Beirut slams the door on its `human garbage'
Robert Fisk examines how Lebanon is taking its chance to get rid of refugees; `Now Arafat can say: Look what I'm doing for you, and look how the other Arabs treat you'
Three Palestinian women from Lebanon attending the Peking women's conference flew home to Beirut only to be put aboard a flight to Larnaca.
So was a Palestinian woman returning from Switzerland, where she had received medical treatment for war wounds. A Palestinian businessman flew into Beirut and was flown to Larnaca, then to Amman, from there back to Beirut and on to Dubai. None of them, it seems, had ever been to Libya.
Their sin was to have been outside Lebanon when Colonel Muammar Gaddafi decided to expel 25,000 Palestinians from Libya, only about 7,000 of whom held Lebanese residence papers. The Lebanese allowed 350 into the country by boat but then blocked the sea route and banned all Palestinians with Lebanese residence who were outside Lebanon - around 100,000, according to Palestinian sources - from returning without special visas.
In the course of only two days, the Beirut authorities reduced the Palestinian refugee population here by almost a third, courtesy of Colonel Gaddafi.

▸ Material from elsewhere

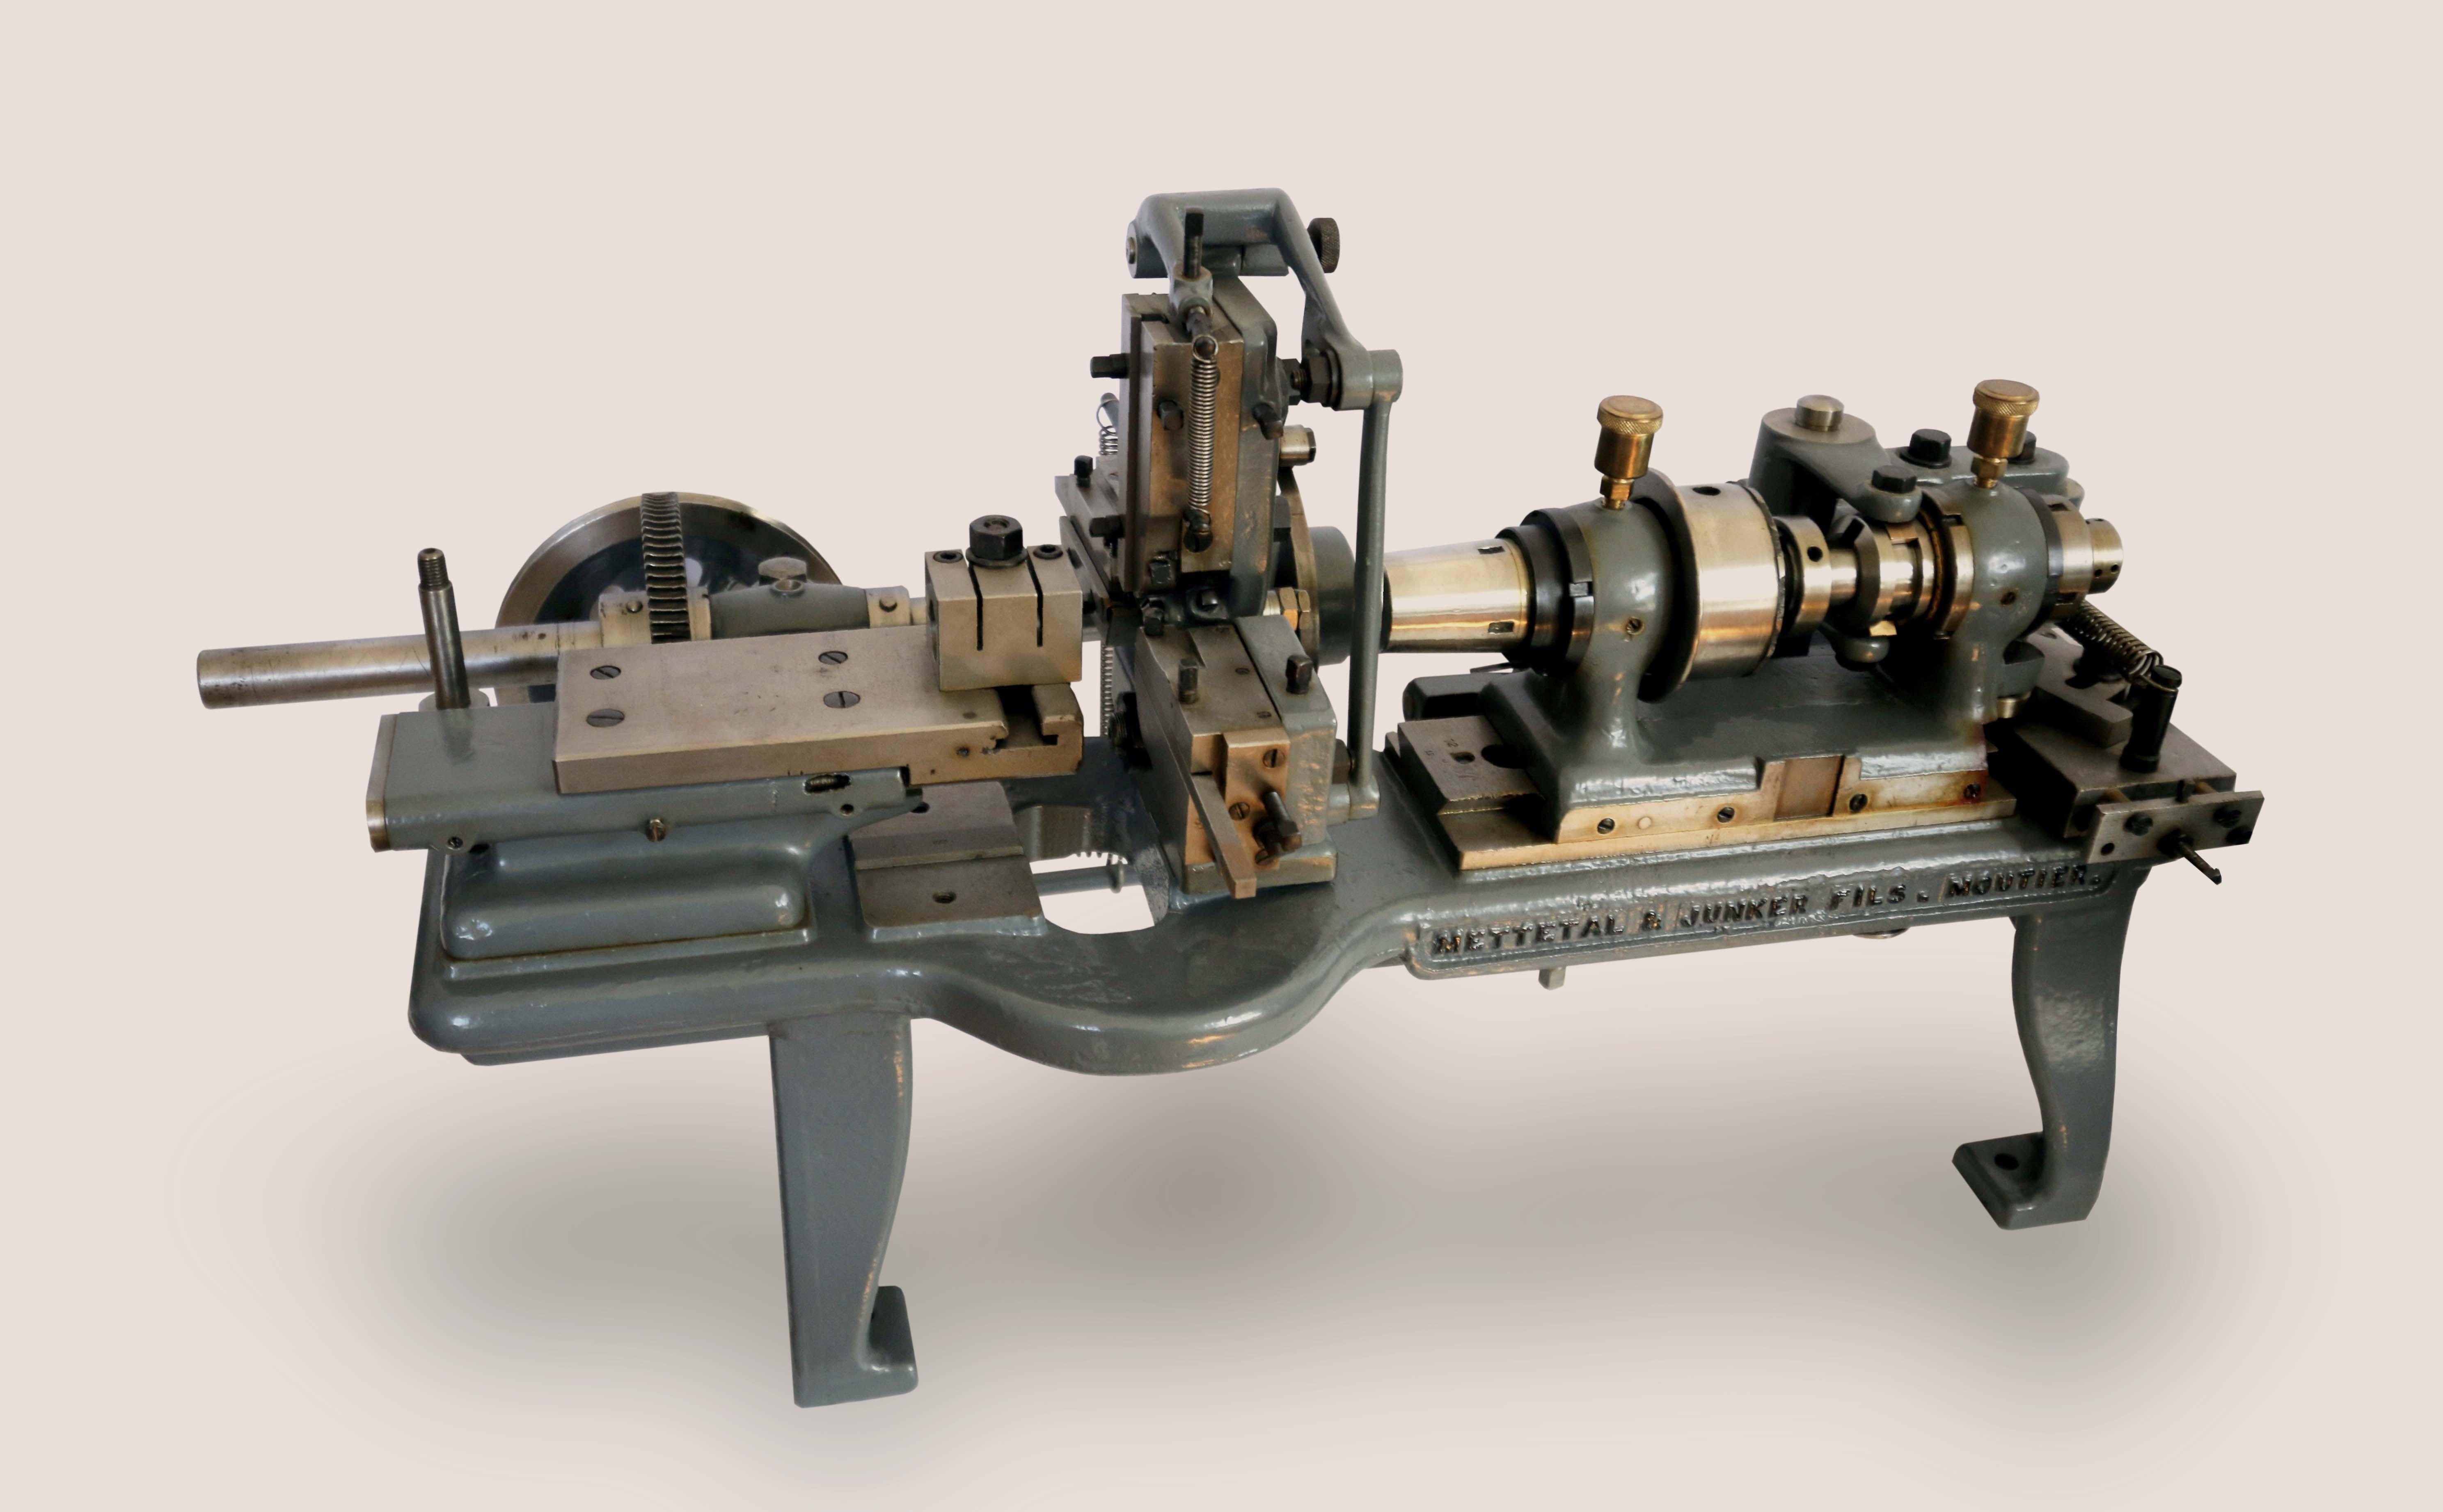 Mettetal/Junker Fils (1905)

In a country where contempt for the 350,000 Palestinians - half of whom live in 12 refugee camps across Lebanon - unites Muslims and Christians, the Lebanese response to Colonel Gaddafi's expulsion of foreign workers has brought both despair and anger. Thousands of Palestinians studying or working abroad, most of whom would never dream of visiting Libya, have found themselves stranded in foreign lands. The Lebanese documents they relied upon to bring them back to Lebanon are no longer valid without the special permission of the Lebanese embassies.
There is, of course, another side to the story. For years, Yasser Arafat's PLO, whose latest agreement with Israel leaves the refugees registered here largely abandoned to their fate, ran a state within a state in the refugee camps of Lebanon, participating in the country's civil war in which 150,000 men and women died; in the Christian village of Damour, south of Beirut, Palestinian gunmen massacred most of the remaining Catholic Maronites in one of the war's first acts of "ethnic cleansing". Christians massacred Palestinians in far greater numbers at Tel el-Zaatar in 1976 and at Sabra and Chatila, as the Israelis surrounded the camps, in 1982. The hatreds engendered by that war have never been appeased.

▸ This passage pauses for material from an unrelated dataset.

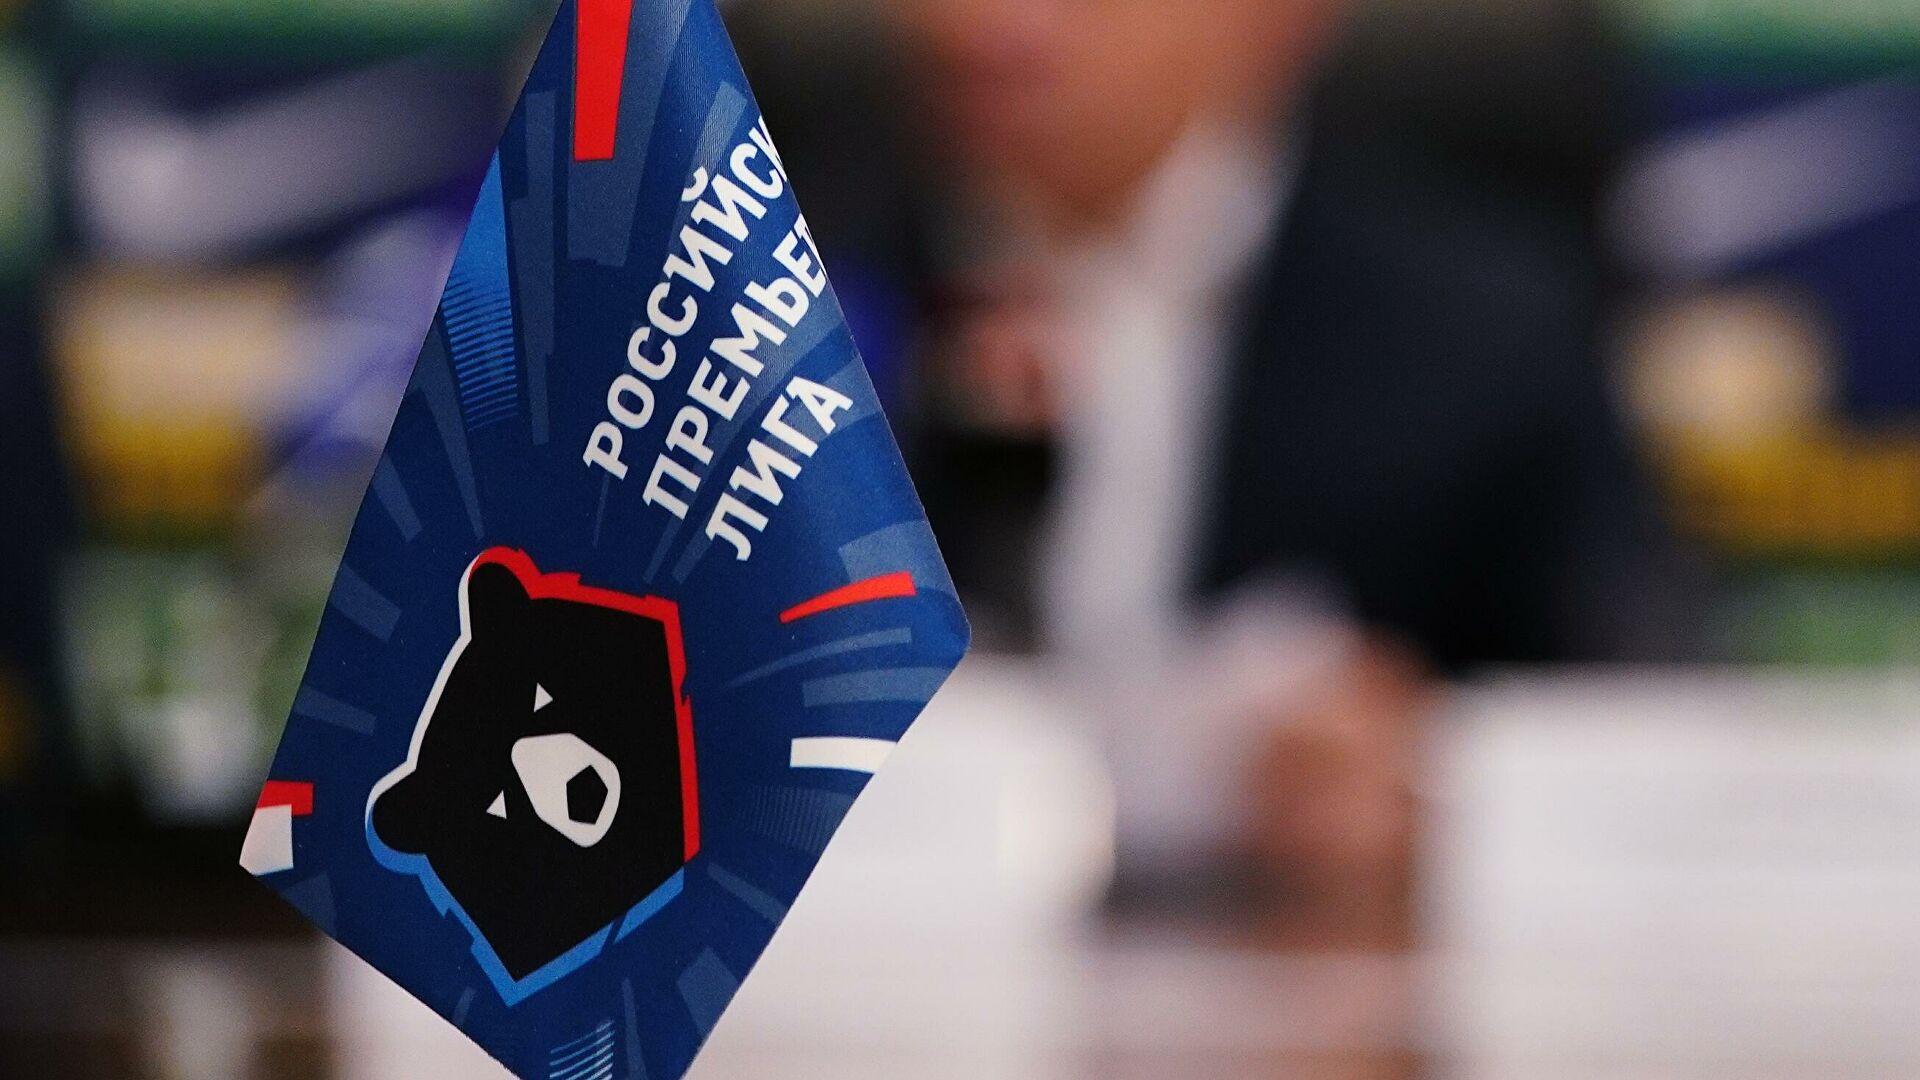 «Матч ТВ» может остаться без прав натрансляцию матчей РПЛ

Few were surprised, therefore when the Minister of Tourism, Nikola Fatouch, called the refugees "human garbage". At least one member of parliament, Naja Wakim, condemned Mr Fatouch's remark and the government subsequently revoked the visa requirements for all Palestinian residents who had left Beirut since June.
But a new government communique, number 478, issued by the Minister of the Interior, Michel Murr, at the weekend, states that all other 1948 refugees, which means almost all the Palestinians in Lebanon, must in future have exit visas before leaving the country and re- entry visas before returning.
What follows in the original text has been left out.